Elizabeth Smart On New ABC Role, Message for Jaycee Dugard

Elizabeth Smart shares message for Jaycee Dugard in first ABC News appearance

ByABC News
July 13, 2011, 12:55 PM

July 14, 2011 -- Elizabeth Smart, the Utah teenager who was abducted in 2002 from her Salt Lake City home and held captive for nine months, has never met Jaycee Dugard, but she has a message for the California woman who spent a harrowing 18 years in captivity before being rescued in 2009, and sharing her story very publicly this week in a new book and exclusive interview with ABC News' Diane Sawyer.

"I would tell her how much I admire her, for her courage, her strength," Smart said today on "Good Morning America." "She is certainly to be admired for her coming out and not living in the shadow of her past."

Smart, now a 23-year-old college student at Brigham Young University in Utah, also sees a lesson in Dugard's story, a lesson on which she is acting.

"What her story shows is there are still children out there waiting to be found," Smart said on "GMA."

For Smart, acting on that lesson means raising her voice as an advocate for children, something she has done with her newly created foundation, the Elizabeth Smart Foundation, and with her new role, confirmed today on "GMA," as a contributor for ABC News.

"I am thrilled to be working with ABC," Smart said today. "I think there's a real power in partnering up.
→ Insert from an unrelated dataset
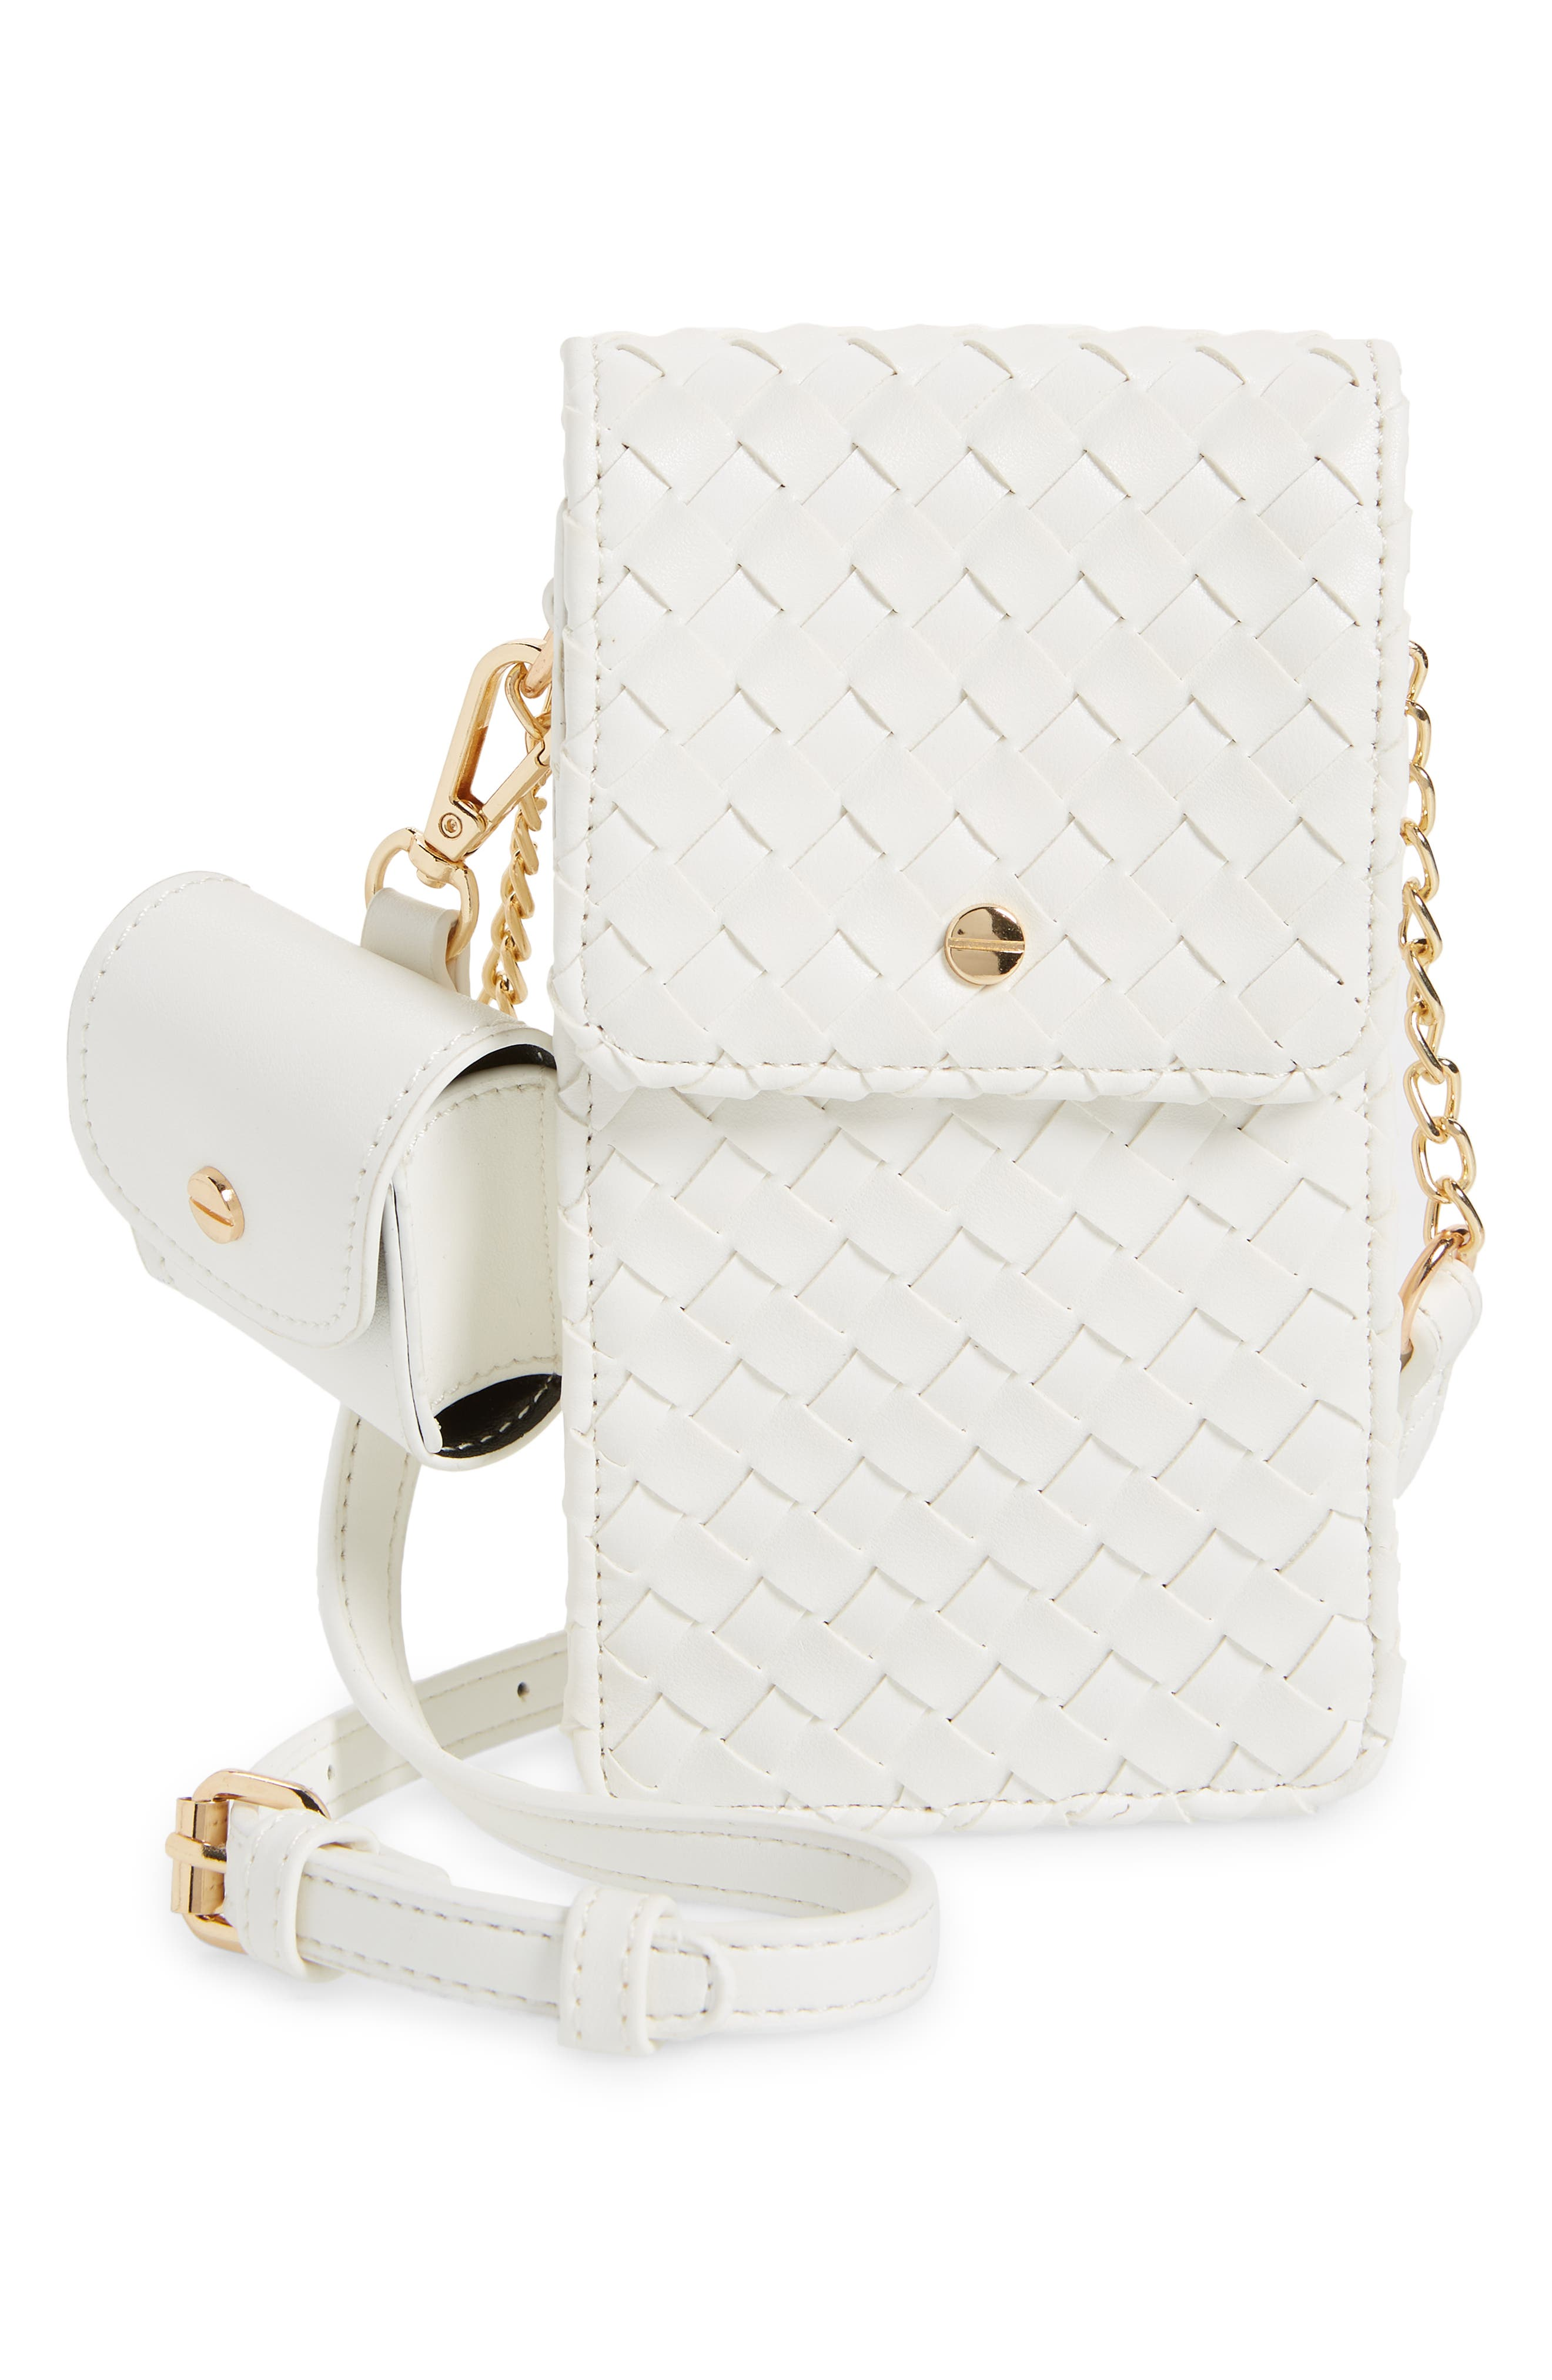 Mali + Lili Woven Vegan Leather Phone Crossbody Bag

I really believe we can do some good together."

A Unique Perspective

Smart was just 14 years old when she was kidnapped at knifepoint from her bedroom as her then 9-year-old sister, Mary Katherine, watched from her own bed, and the sisters' four siblings and parents, Ed and Lois Smart, slept nearby.
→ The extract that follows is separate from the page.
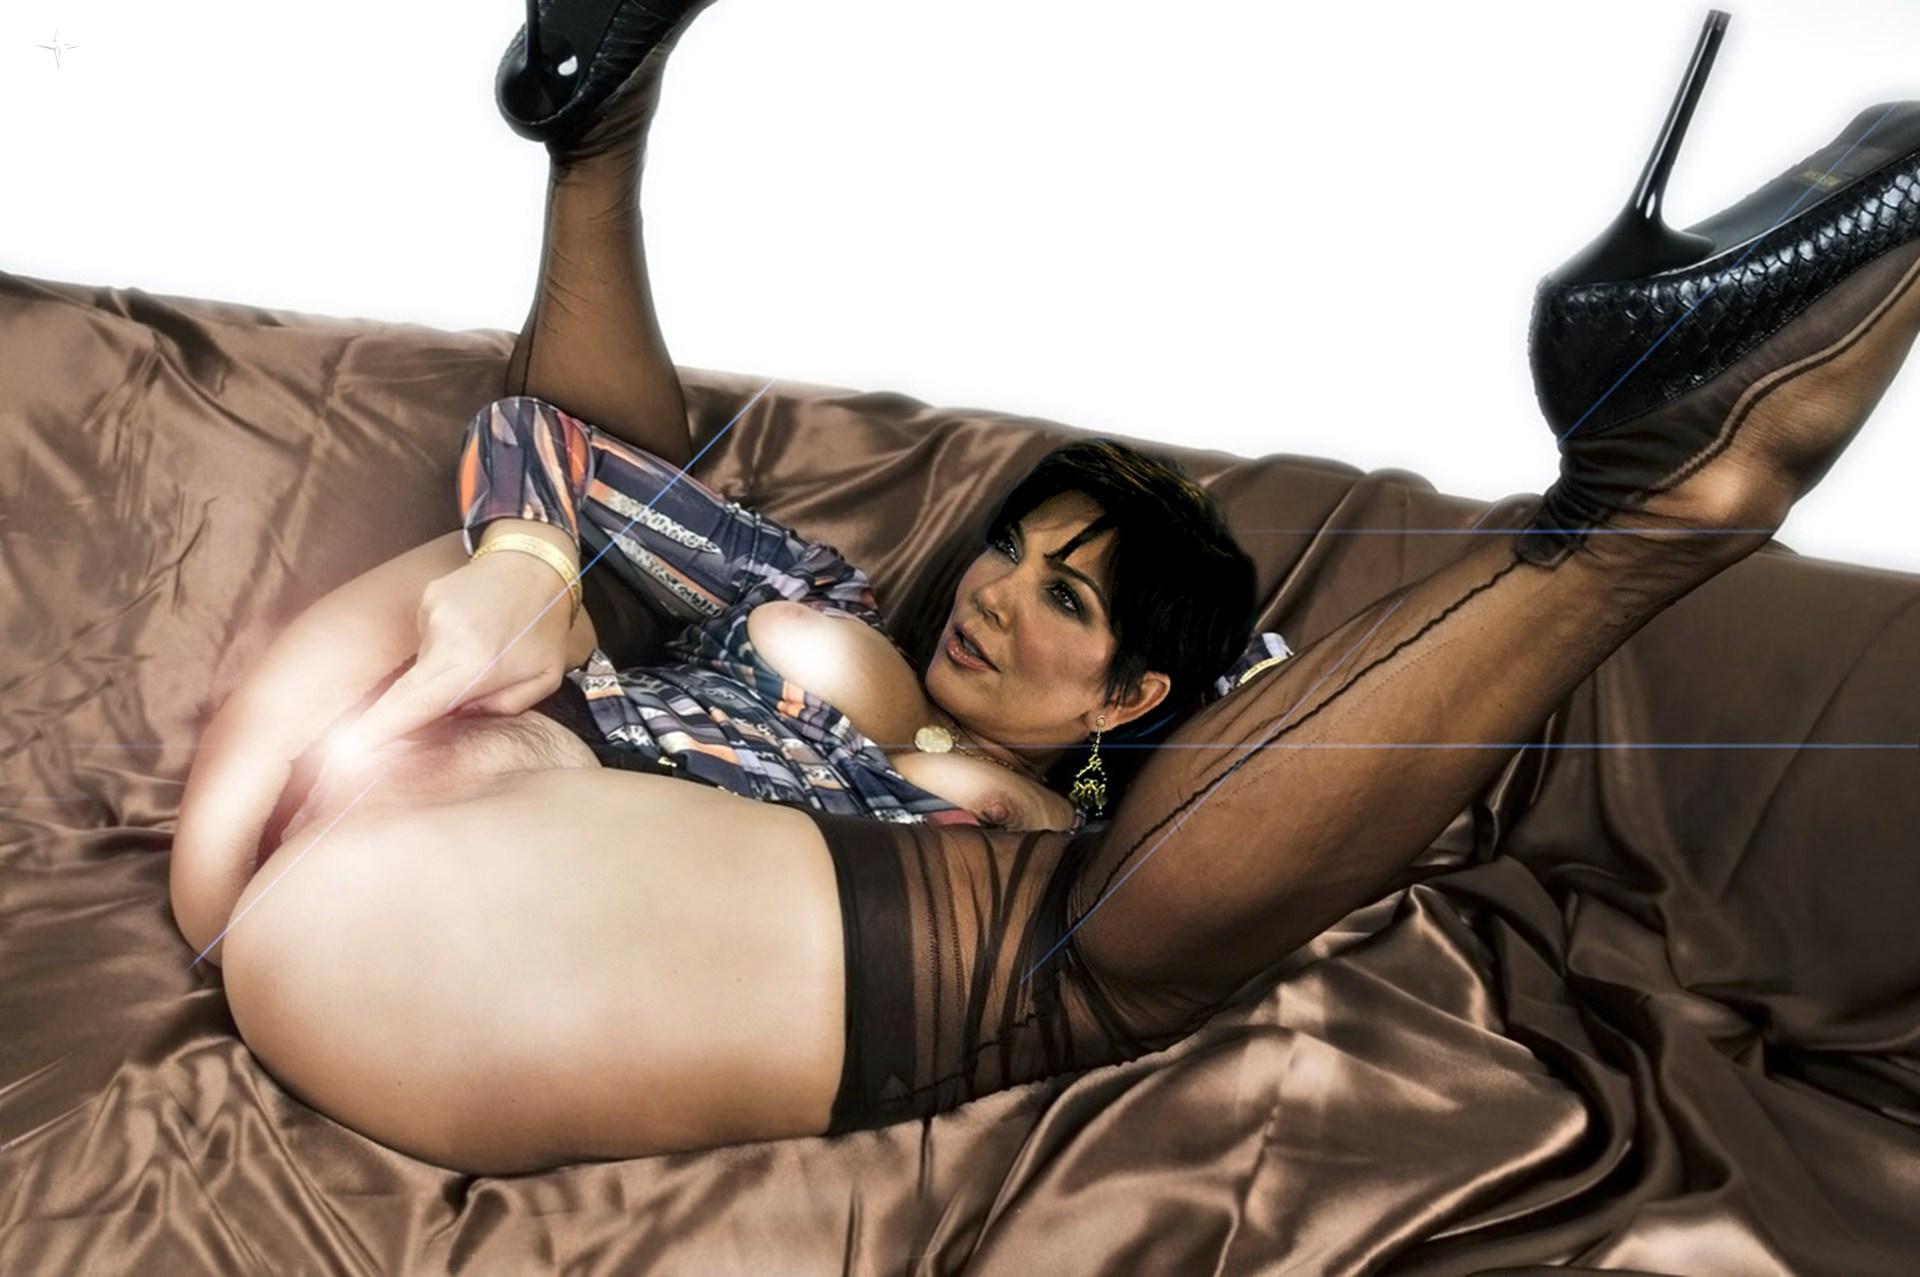 yrs pakistani girl nude

Smart's disappearance in 2002 both unnerved and united the nation as people everywhere sent their prayers and support, and the national media closely followed every step in the search to find her.

Her captor was Brian David Mitchell, a homeless, Salt Lake City street preacher who, along with his companion, Wanda Barzee, held Smart captive, both psychologically and physically, for nine months before she was found alive March 12, 2003, by alert passers-by in a Salt Lake City suburb less than 18 miles from her home.

This May, with the help of Smart's emotionally grueling testimony, Mitchell was sentenced to life in prison.

Smart bravely addressed her former captor face-to-face in a packed Salt Lake City courtroom just moments before he received his life sentence, telling Mitchell that "one day he will have to be held responsible for his actions," and that she has a "wonderful life now."

Vocal Advocate

For Smart, having a "wonderful life" means using her voice and visibility to be an advocate for protecting children from abuse and abduction.

She has been a visible presence on Capitol Hill lobbying for funding and children's rights issues, something she told "GMA" will continue to be a top priority.

"One of the issues I would really like to address today is right now in Washington there is so much talk of funding and cutting funding," she said. "It is so essential we not cut any funding related to children."She and her family also established the Elizabeth Smart Foundation this year as a platform to use their experiences over the past nine years to focus on protecting children from falling victim to kidnapping and sexual crimes.

One centerpiece of the foundation is a child empowerment program called RAD (Resisting Aggression Defensively) Kids that aims to teach children the skills that will empower them to fight off potential kidnappers and abusers.

Another main objective, Smart told "GMA," is to use her visibility to promote the "Internet Crimes Against Children Task Force," a multi-jurisdictional group helps state and local law enforcement agencies respond to cybercrimes against kids.

"The Foundation is really helping to push and support the Internet Task Force as much as possible," she said. "It's really something we just can't afford to cut."